Mimbres Valley Irr. Co. v. Salopek, 11094

Decision Date23 May 1977
Docket NumberNo. 11094,11094
Citation564 P.2d 615,90 N.M. 410,1977 NMSC 39
Parties, 11 ERC 1901, 7 Envtl. L. Rep. 20,696 MIMBRES VALLEY IRRIGATION CO., Plaintiff-Appellee, v. Tony SALOPEK et al., Defendants-Appellees, v. DEPARTMENT OF AGRICULTURE FOREST SERVICE, Defendant-Appellant, State of New Mexico, Plaintiff-in-Intervention-Appellee.
CourtNew Mexico Supreme Court
OPINION

PAYNE, Justice.

This suit was filed in 1966 as a private action to enjoin alleged illegal diversions of the Rio Mimbres which flows through the Gila National Forest in southwest New Mexico. In 1970 the State of New Mexico, on the relation of the State Engineer and pursuant to § 75--4--4, N.M.S.A.1953 (Repl.Vol. 11, Pt. 2, 1968), filed a complaint-in-intervention seeking a general adjudication of water rights in the Rio Mimbres and its tributaries. The complaint-in-intervention named as defendants all parties claiming any interest in and use of the waters of the Rio Mimbres. The State's motion to intervene was granted and the suit proceeded as a general statutory adjudication of all the water rights on the stream system.

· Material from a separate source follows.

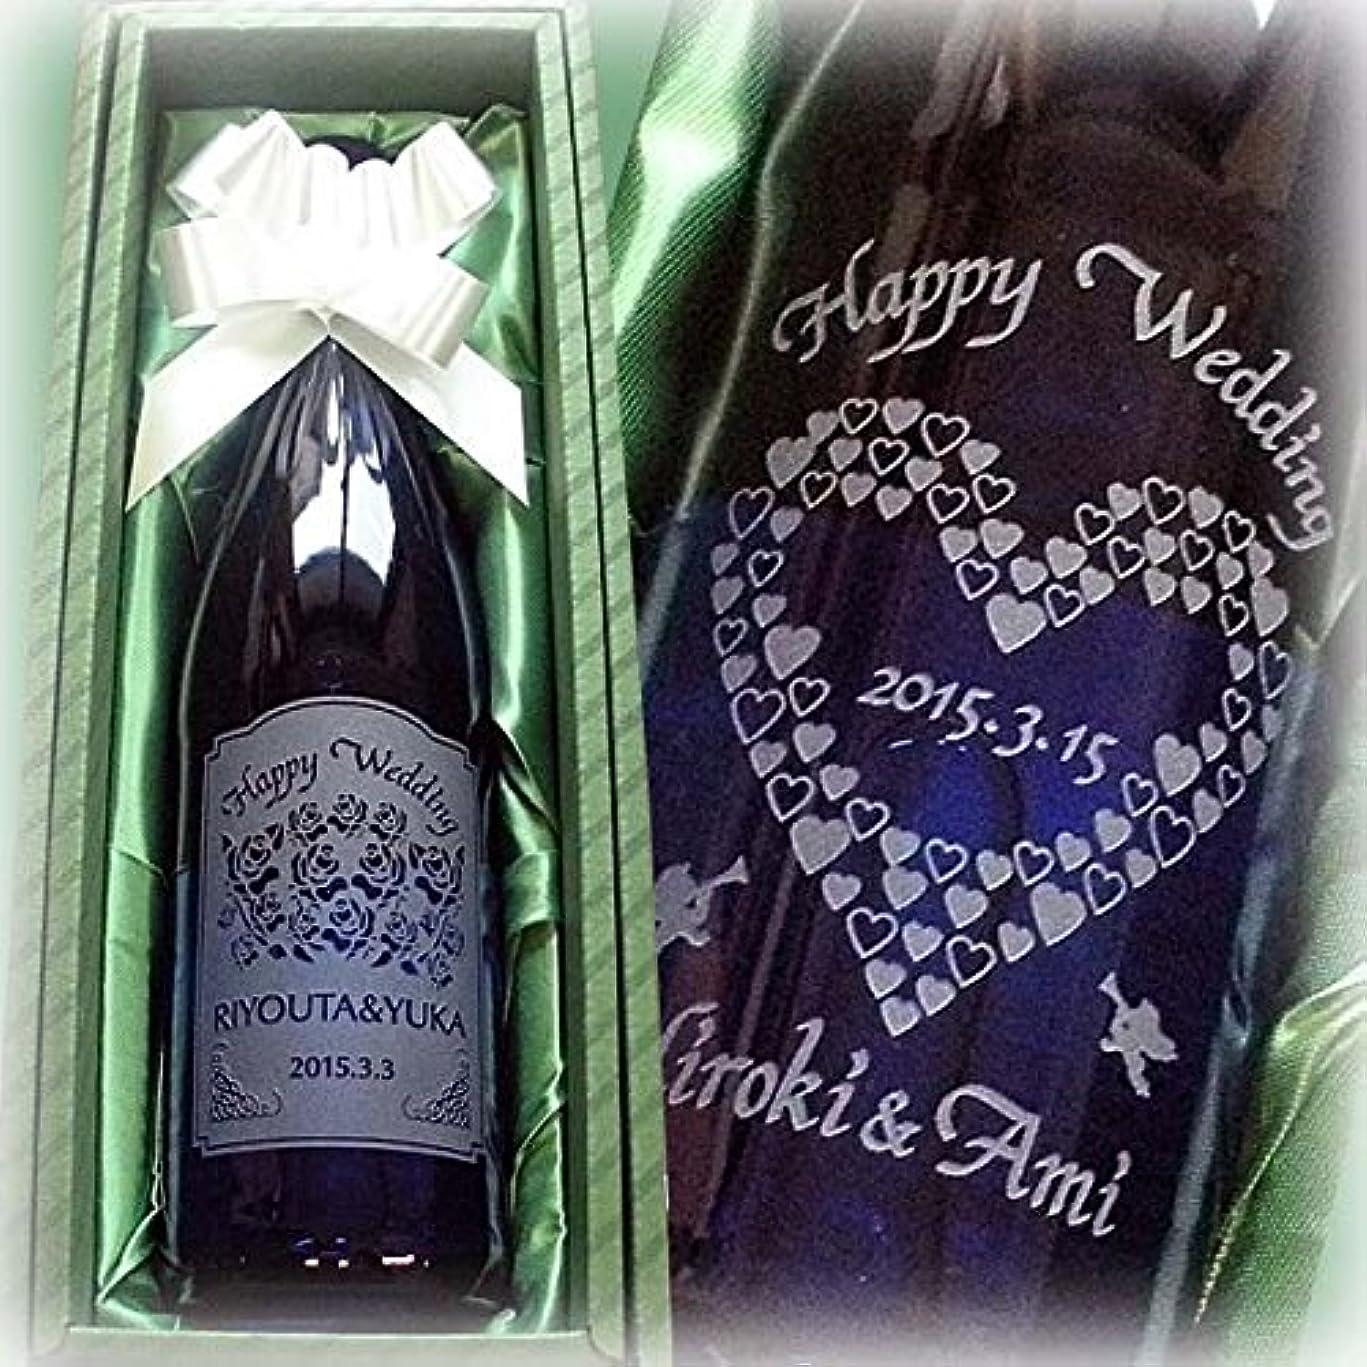 経営者誓う仕事に行く名入れ ワインA 誕生日 プレゼント お酒 男性 女性 名前入り 彫刻 ワイン(リープフラウミルヒ白ワイン750ml)

Among the named defendants in the complaint-in-intervention was the United States of America, joined pursuant to 43 U.S.C. § 666 (1970). The United States claimed reversed water rights for minimum instream flows and for recreational purposes within the Gila National Forest. The matter was referred by the trial court to a special master to determine the rights of the parties. The master entered findings of fact and conclusions of law which supported the United States' claim to 6.0 cubic feet per second of water in the Gila National Forest for minimum instream flows and recreational purposes. The State of New Mexico, pursuant to N.M.R.Civ.P. 53(e)(2) 1, objected to the master's report. The district court reversed, holding that the United States had not reserved water rights in the Gila National Forest for its claimed purposes. We affirm the decision of the district court.

The 'reservation' doctrine, as it applies to federal enclaves, was initially recognized in Winters, v. United States, 207 U.S. 564, 28 S.Ct. 207, 52 L.Ed. 340 (1908). The issue decided therein was whether the United States, at the time of the creation of the Fort Belknap Indian Reservation in Montana, had impliedly reserved a water right for future use of the Indians upon those lands. The United States Supreme Court upheld the power of the federal government to reserve the waters and exempt them from appropriation under state laws.

The exact meaning of the principle articulated in the Winters case has been subject to inconclusive debate through the years. It was further clarified, however, in Arizona v. California, 373 U.S. 546, 83 S.Ct. 1468, 10 L.Ed.2d 542 (1963), a case that also involved waters flowing through the Gila National Forest. The United States Supreme Court reaffirmed the viability of the Winters doctrine, and for the first time extended the reservation doctrine to other non-Indian federal enclaves. Although it refused to discuss the non-Indian related claims, the Court said:

The Master ruled that the principle underlying the reservation of water rights for Indian Reservations was equally applicable to other federal establishments such as National Recreation Areas and National Forests. We agree with the conclusions of the Master that the United States intended to reserve water sufficient for the future requirements of the Lake Mead National Recreation Area, the Havasu Lake National Wildlife Refuge, the Imperial National Wildlife Refuge and the Gila National Forest.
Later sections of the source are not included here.